Characterization of NETosis Dynamics in Hypertension and Associated Mechanisms of Renal and Vascular Injury

Abstract

Neutrophil extracellular trap (NET) release is an innate immune process involving chromatin extrusion that has been linked to hypertension and associated vascular and kidney injury. However, reliance on endpoint measurements limits mechanistic insight into NETosis regulation and dynamics. To address this, we developed a live-cell imaging assay and semi-automated, CellProfiler-based analysis pipeline for high-throughput quantification of NETosis progression. This pipeline enables single-cell feature extraction and machine-learning-based classification of NETosis stages, allowing quantitative assessment of stimulus- and dose-dependent NETosis dynamics. The approach was validated in neutrophil-differentiated HL-60 cells and primary mouse bone marrow neutrophils and reliably captured responses to common NETosis inducers and pharmacological inhibitors.

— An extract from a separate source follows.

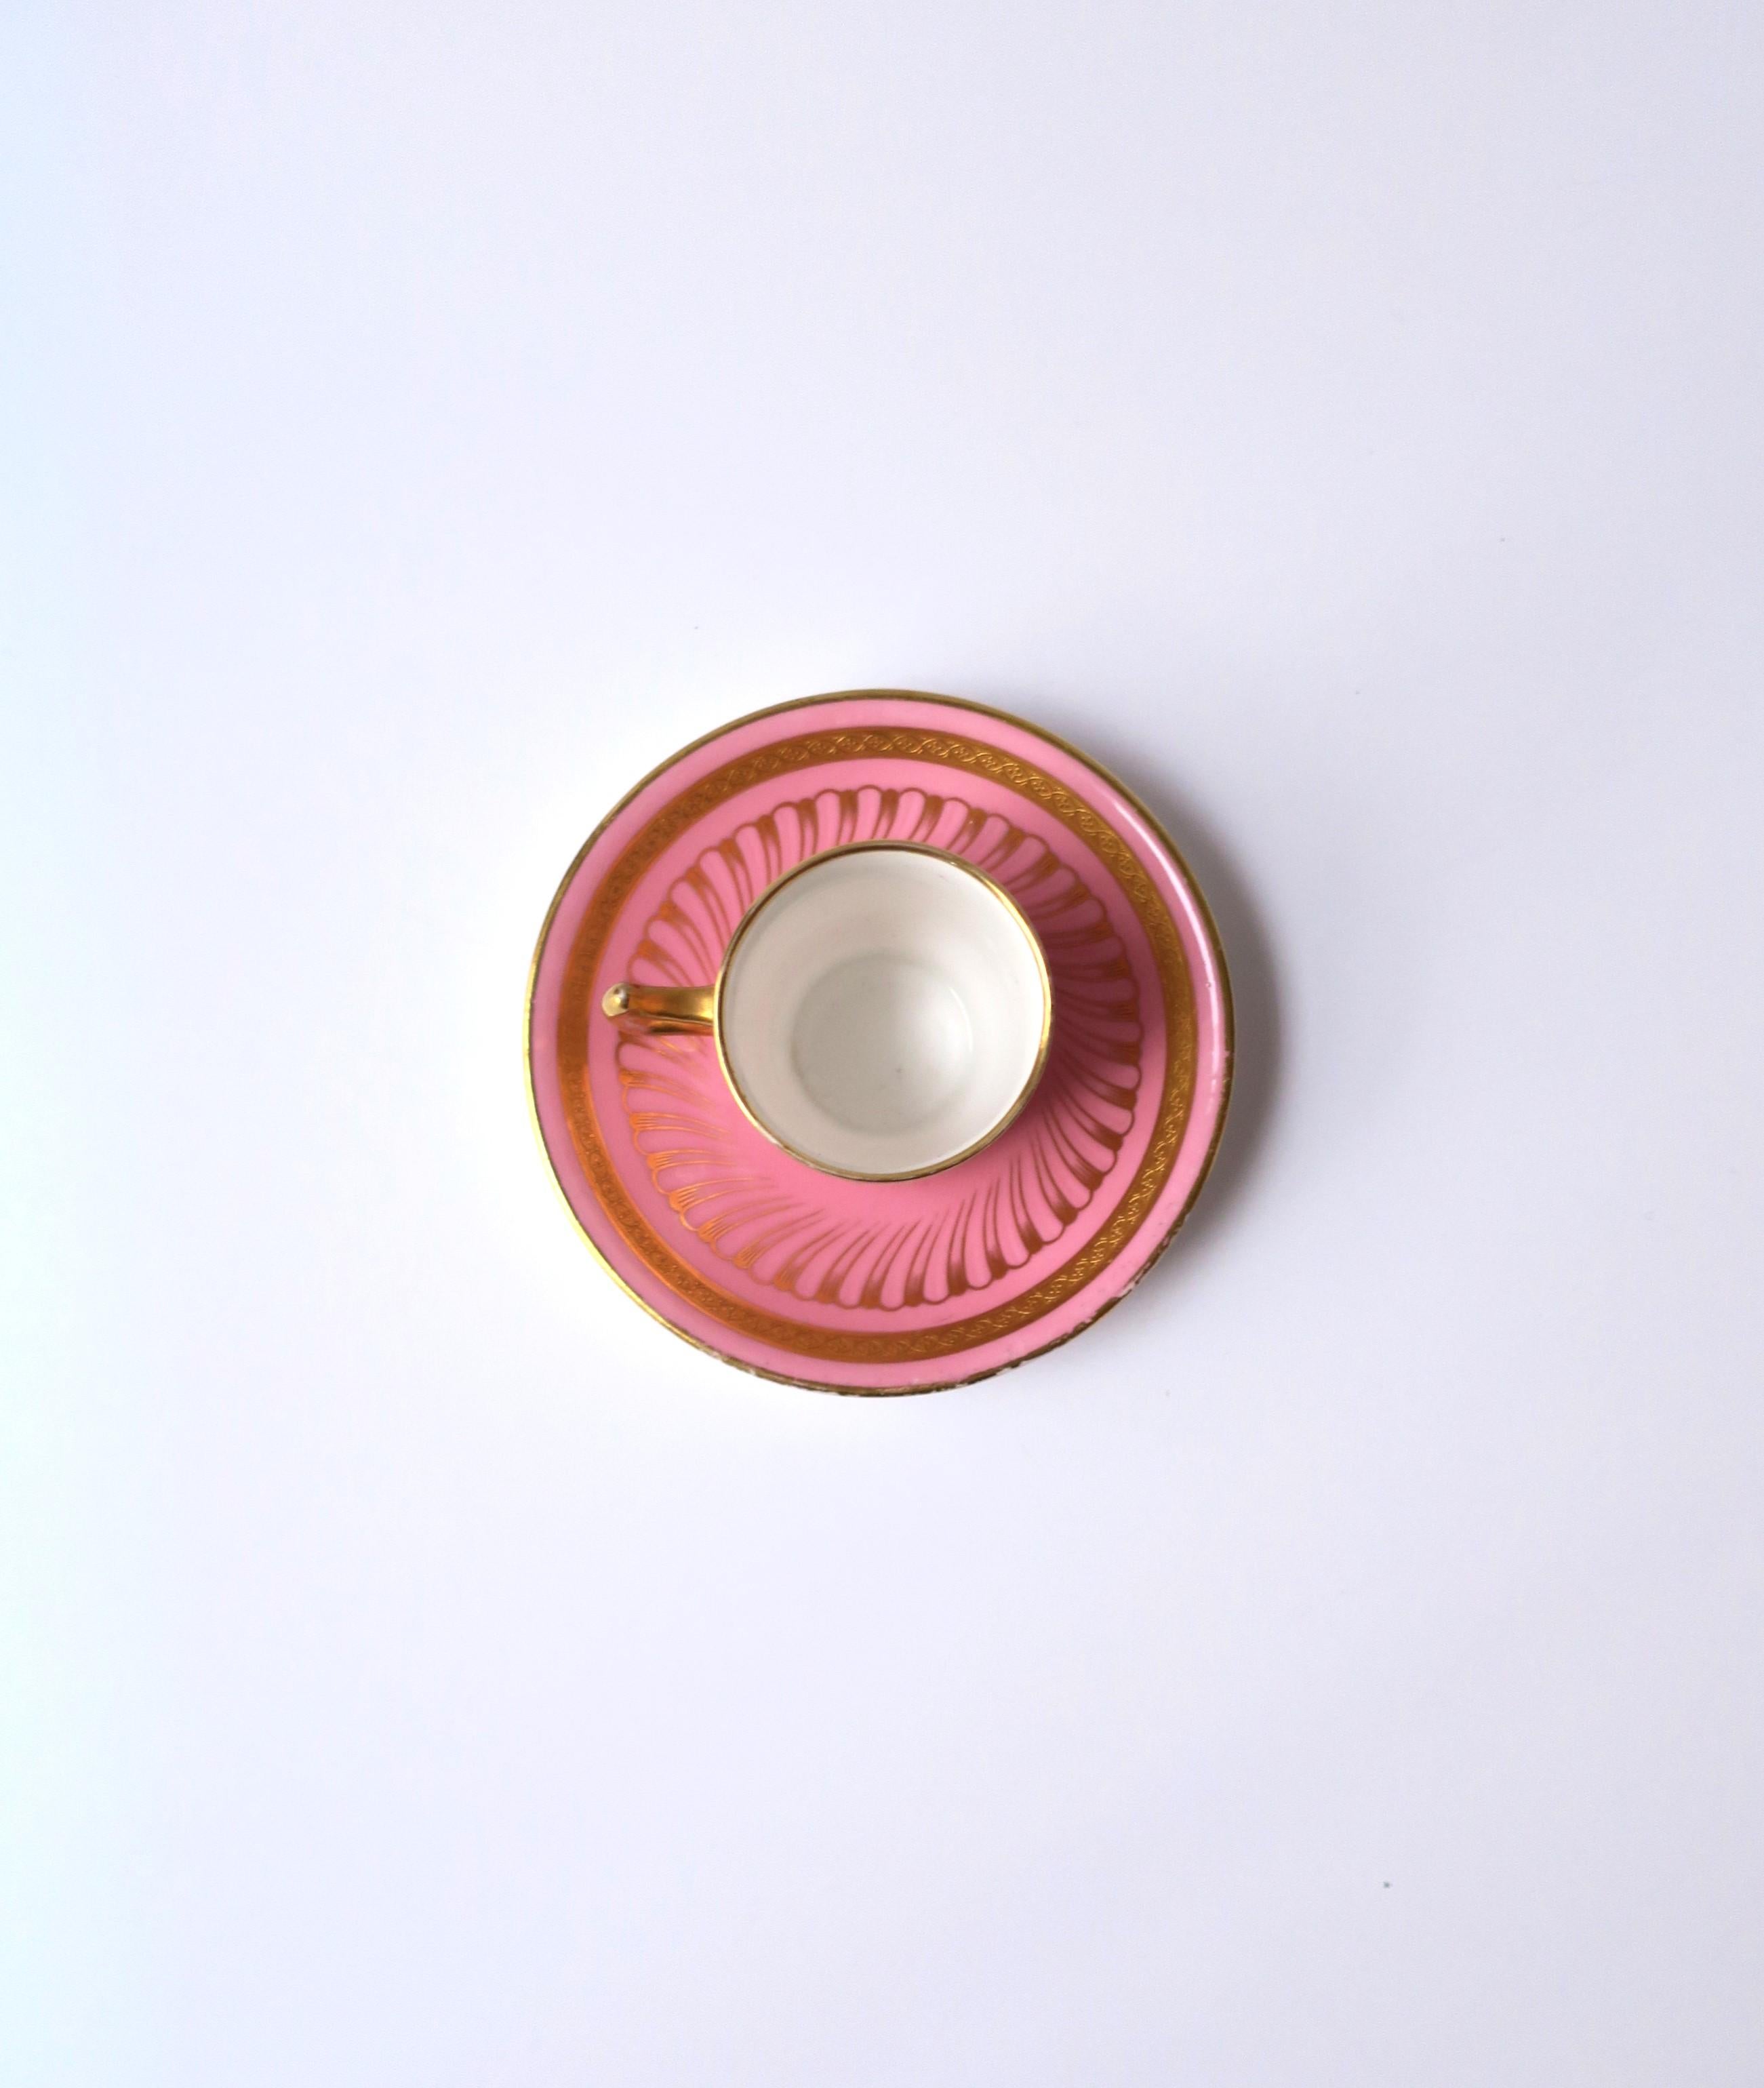 English Minton Pink & Gold Porcelain Coffee Espresso Cup & Saucer, 19th century For Sale 1

We applied this pipeline to an angiotensin II (Ang II)-induced model of hypertension to examine NETosis dynamics across bone marrow and kidney neutrophil compartments. In parallel, the contribution of NETs to renal immune cell recruitment and kidney injury was assessed in Ang II-treated Padi4⁻ᐟ⁻ mice. Although NETs did not accumulate in the kidney and did not contribute to blood pressure elevation or overt kidney injury in this model, temporal single-cell analysis revealed stage-specific alterations in NETosis dynamics in male bone marrow and kidney neutrophils, suggesting altered neutrophil priming originating in the bone marrow that does not translate to tissue injury in this context.

Given the established link between NETs and endothelial injury, we next examined the transcriptional response of HUVECs treated with HL-60-derived NETs using bulk RNA sequencing. Pathway and gene set enrichment analyses revealed suppression of G2/M cell cycle regulators alongside upregulation of inflammatory pathways, consistent with activation of a senescence-associated transcriptional program, as supported by Human Universal Senescence Index (hUSI) scoring. Markers of G2/M arrest and senescence were further evaluated in NET-treated HUVECs, with variable support across assays. Together, these findings indicate that NET exposure induces an early senescence-like transcriptional response that precedes, but does not yet manifest as, stable cell cycle exit and bona fide senescence after 24 hours.